╭──

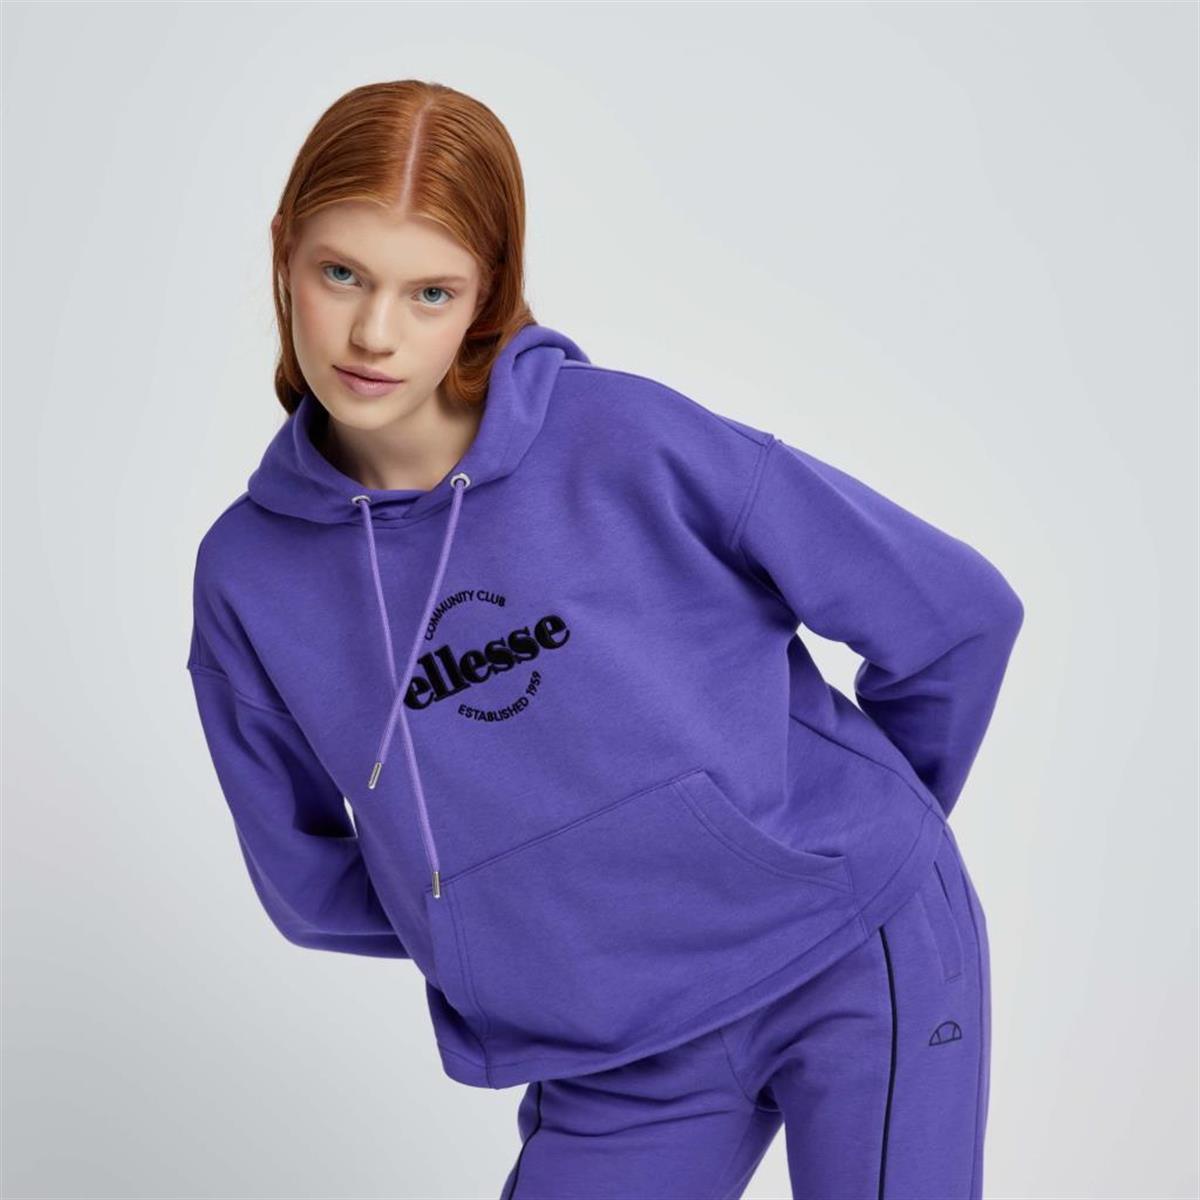 Kadın sweatshirt Modelleri ve Fiyatları | Bee.com.tr
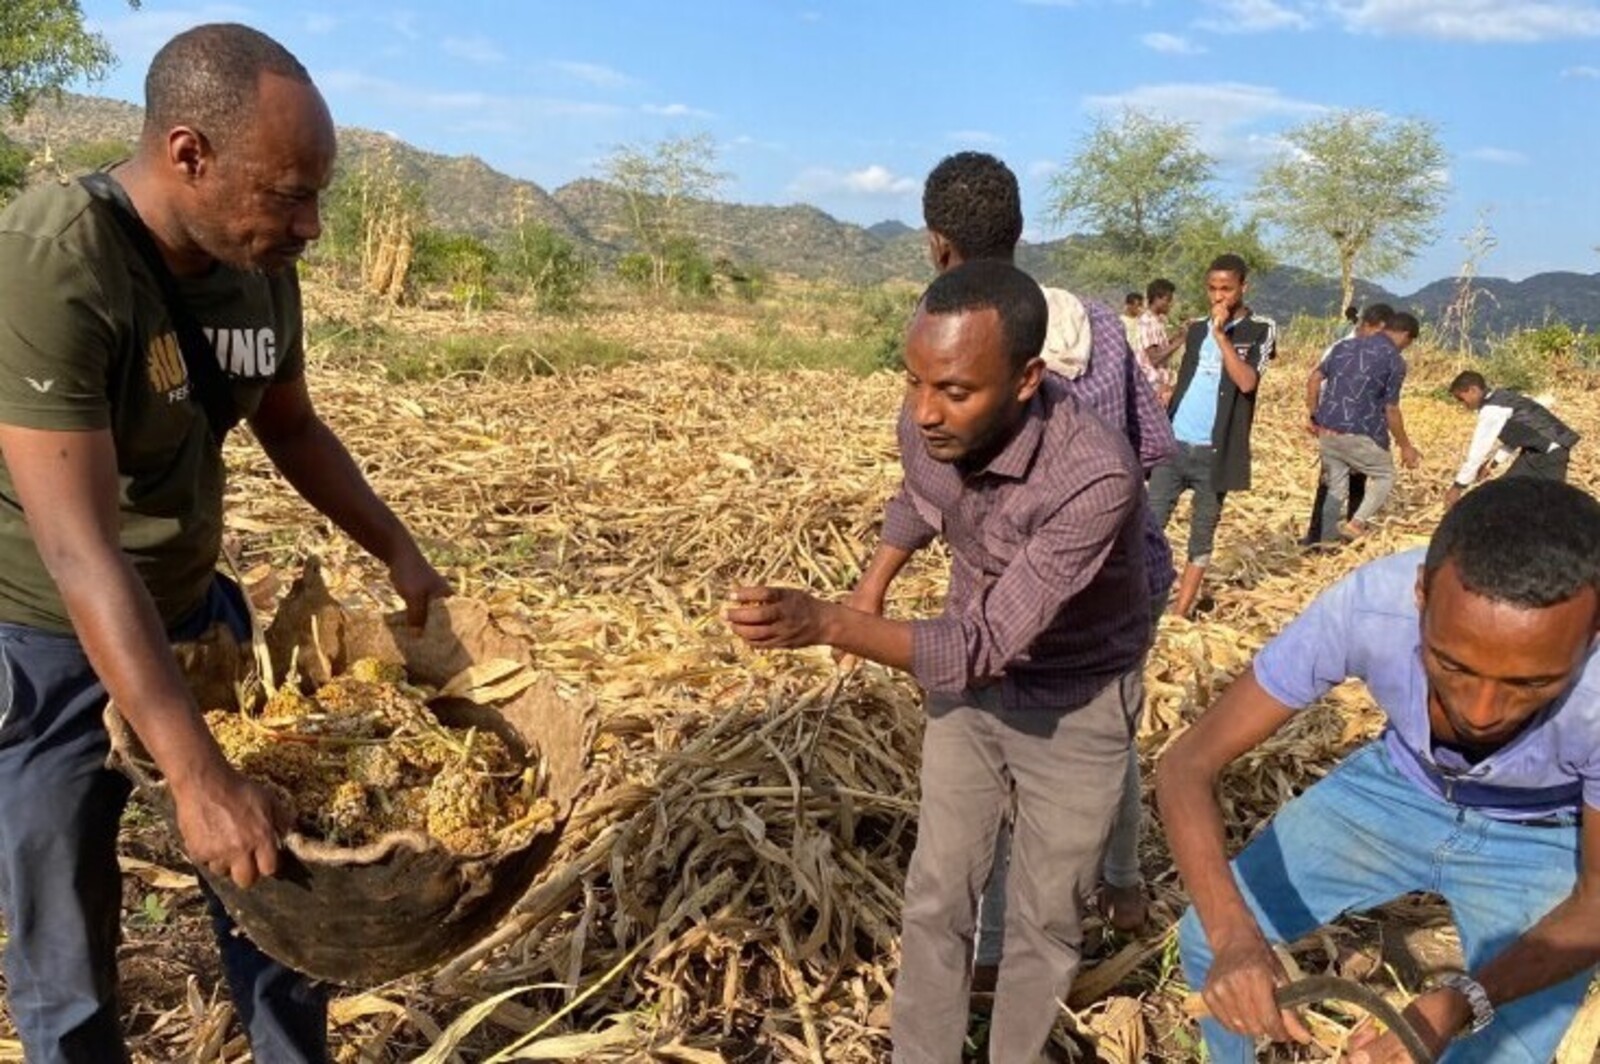 Hilfsprojekt für Landwirte in Äthiopien, wo eine Heuschreckenplage herrscht
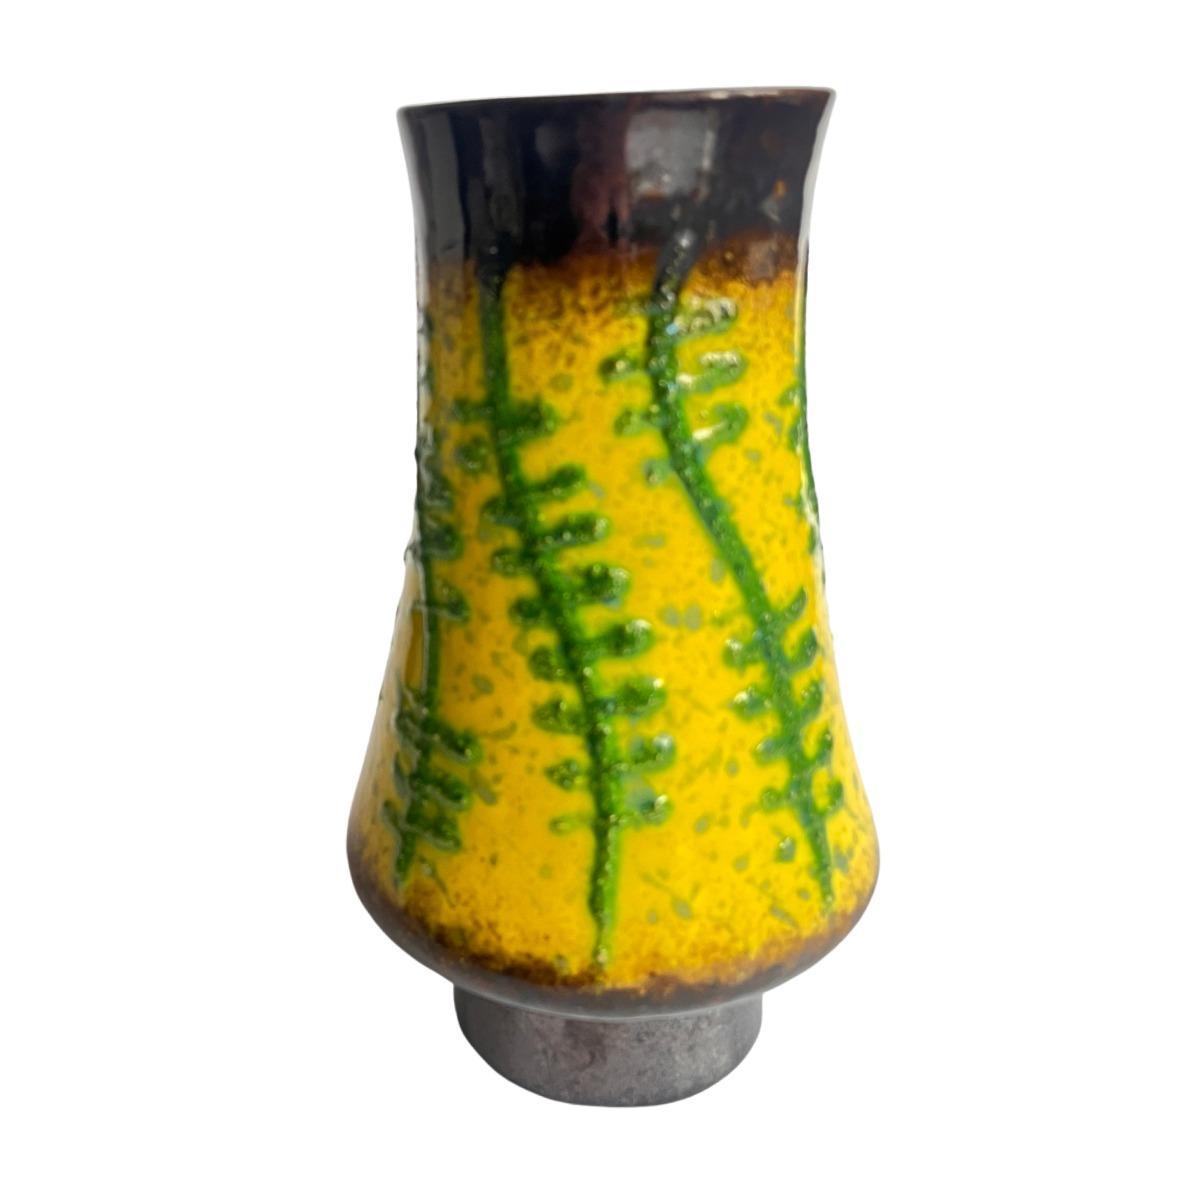 Wazon ceramiczny fat lava Strehla Keramik, Niemcy lata 60. nr. 1
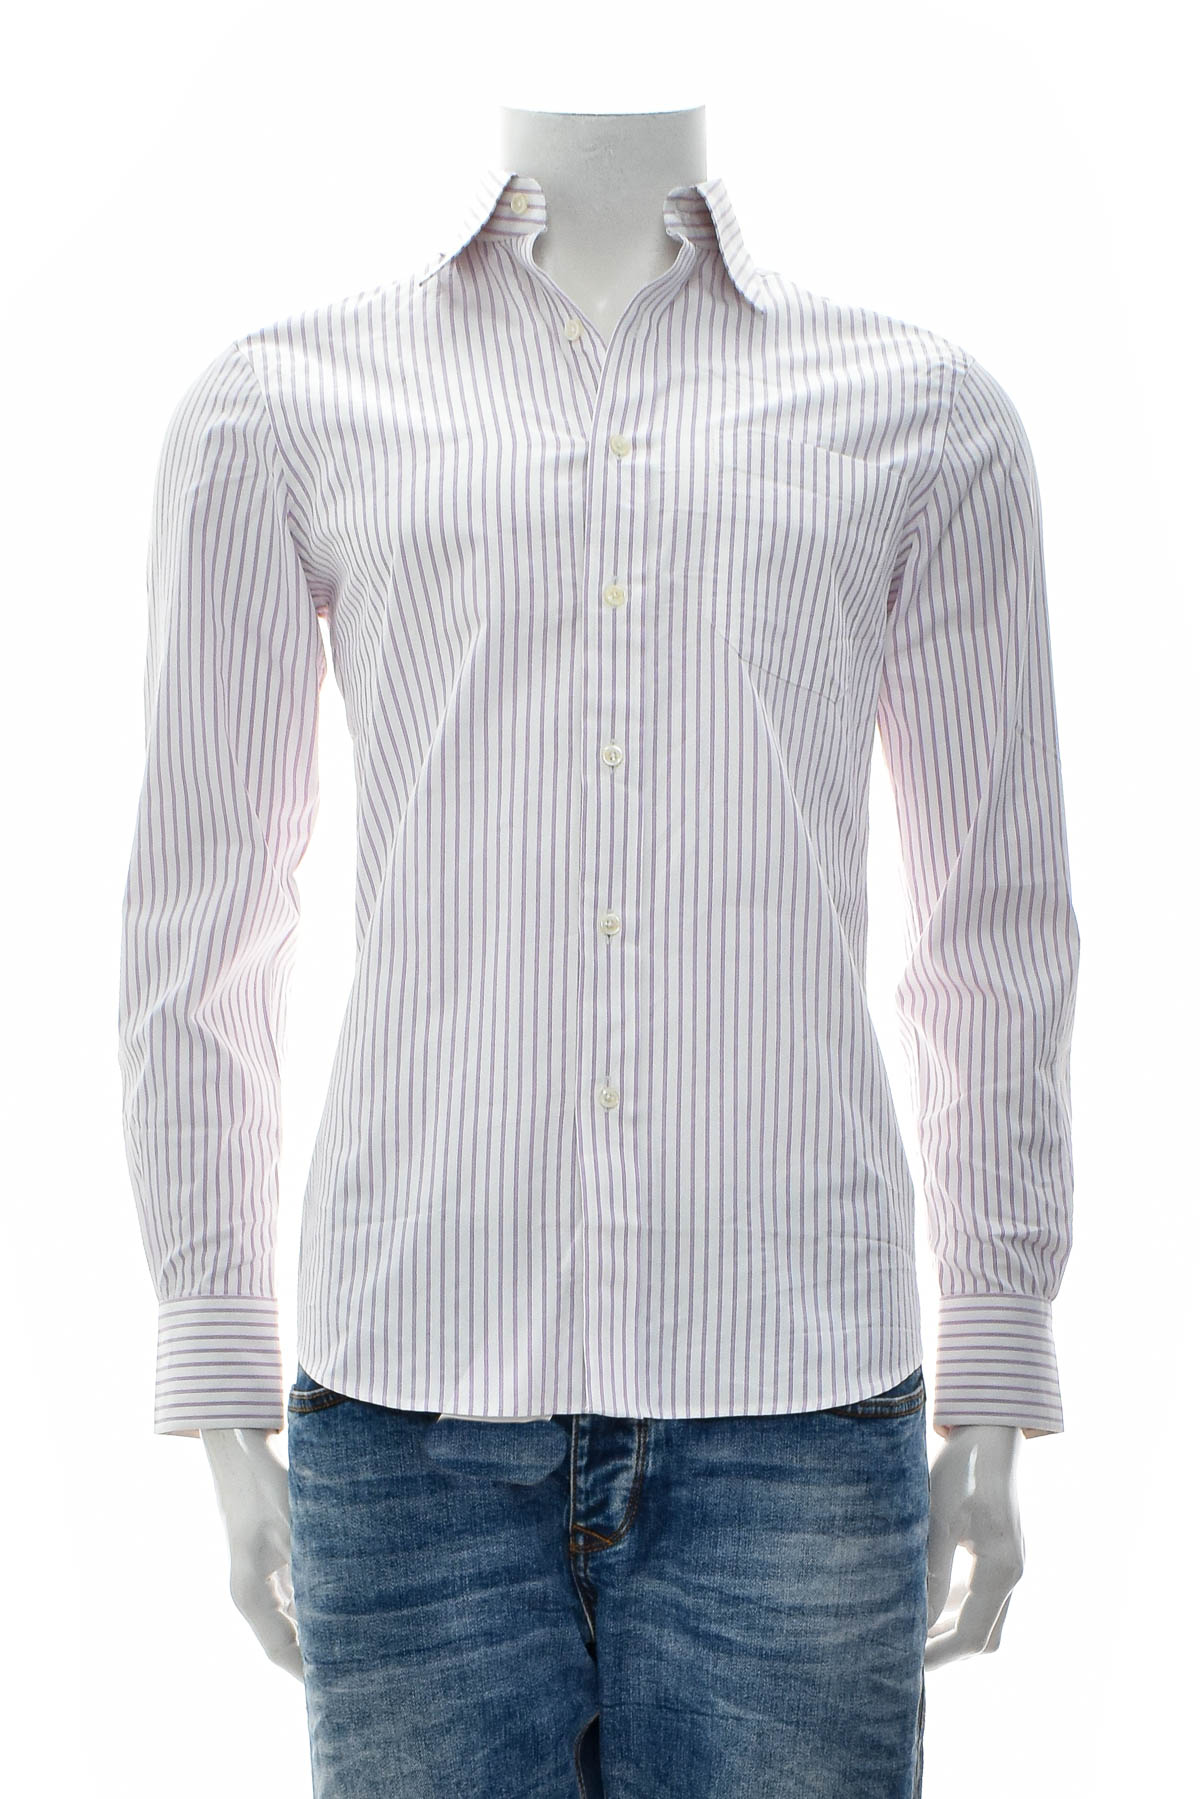 Ανδρικό πουκάμισο - ATBoutique - 0
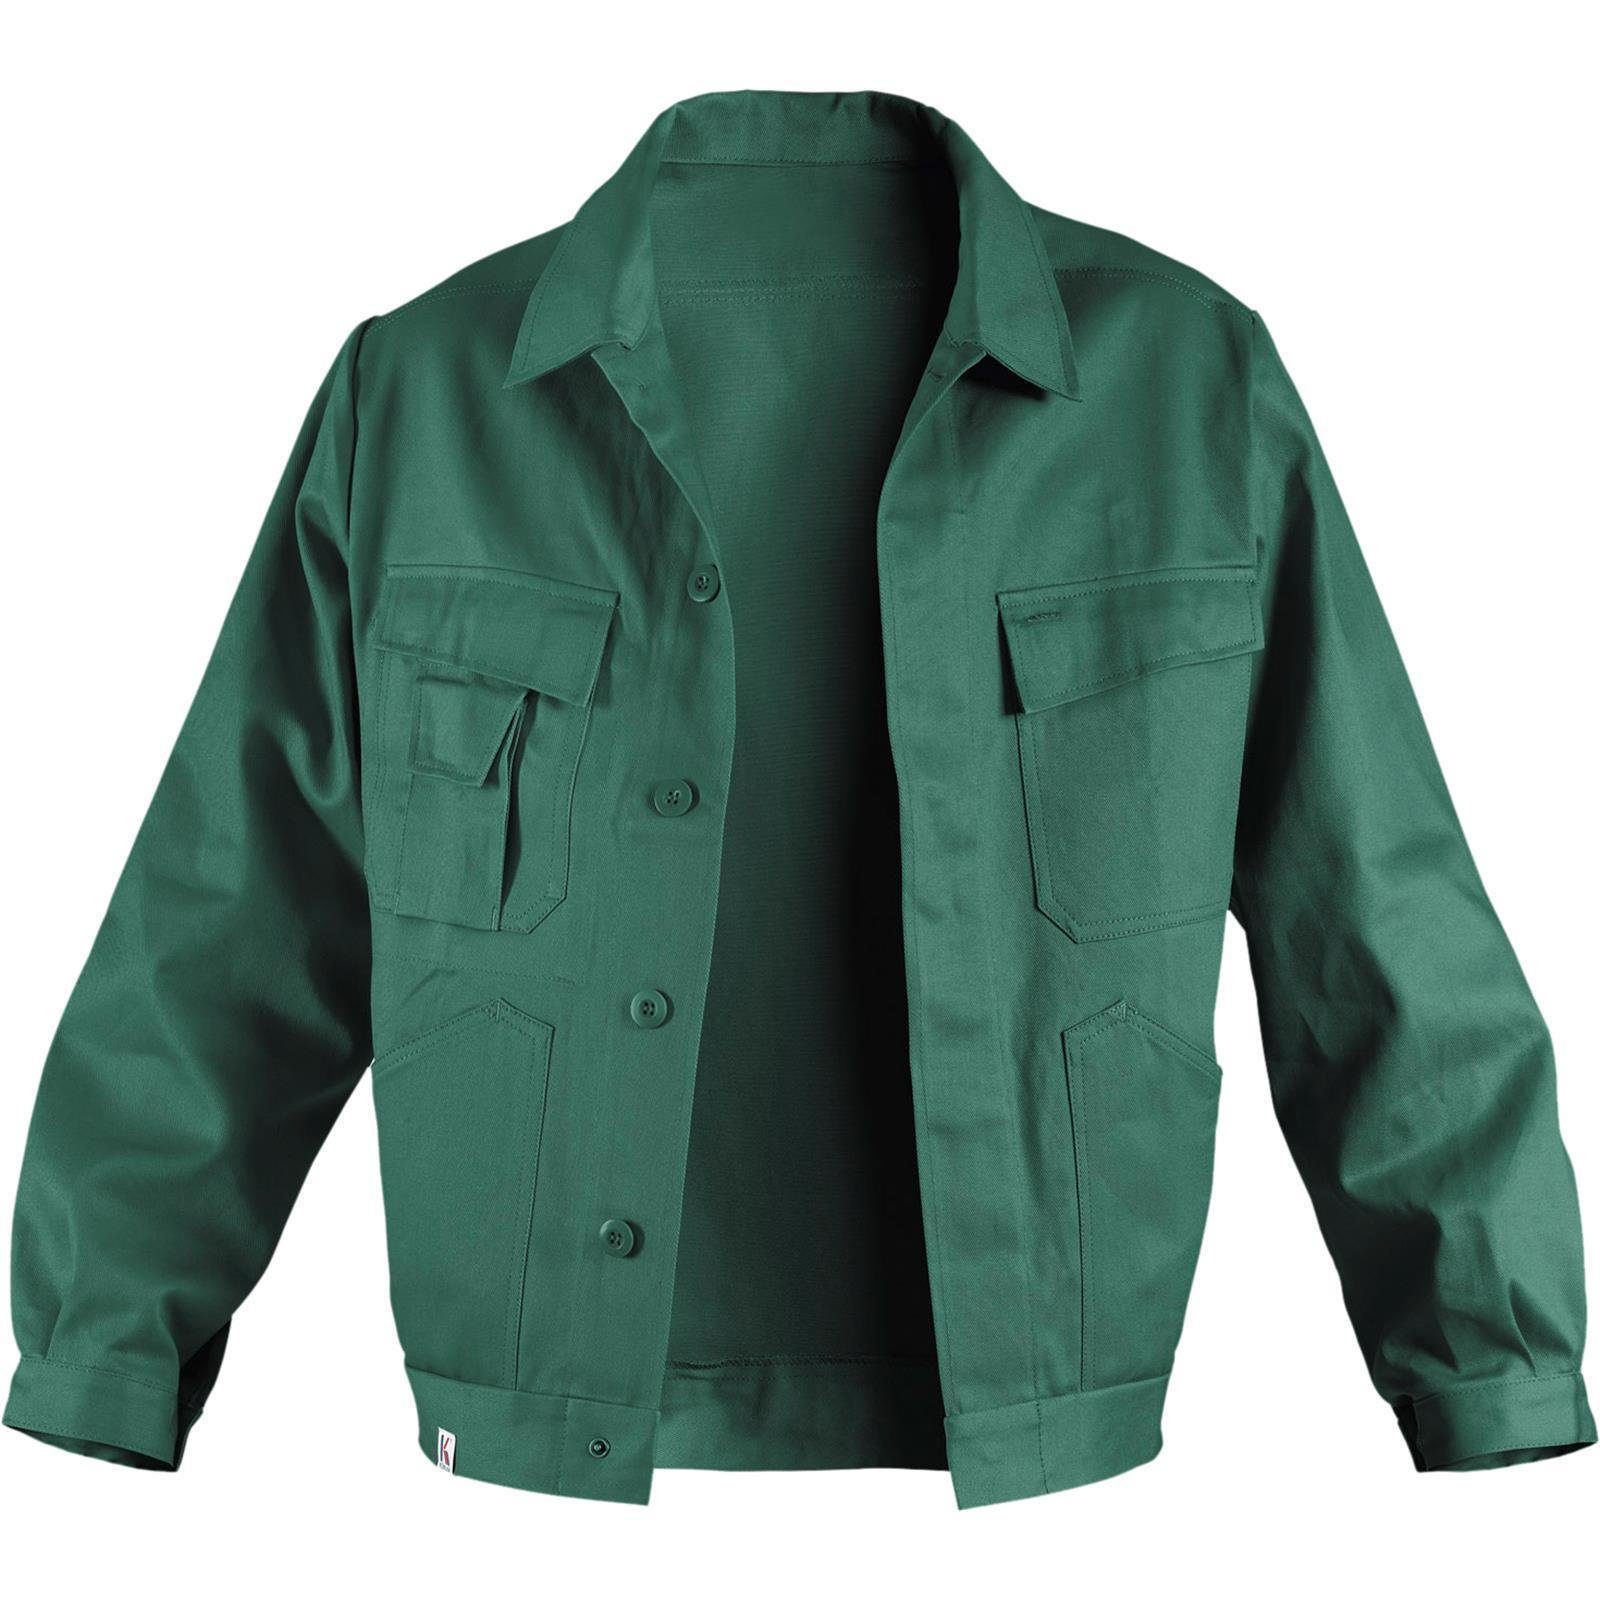 Jacke Arbeitsjacke Kübler grün 100%Baumwolle

╰──

### Exercise goal
Restate every record exactly, please; do not copy the pictures.

### Solution
 Kadın sweatshirt Modelleri ve Fiyatları | Bee.com.tr
 Hilfsprojekt für Landwirte in Äthiopien, wo eine Heuschreckenplage herrscht
 Wazon ceramiczny fat lava Strehla Keramik, Niemcy lata 60. nr. 1
 Ανδρικό πουκάμισο - ATBoutique - 0
 Jacke Arbeitsjacke Kübler grün 100%Baumwolle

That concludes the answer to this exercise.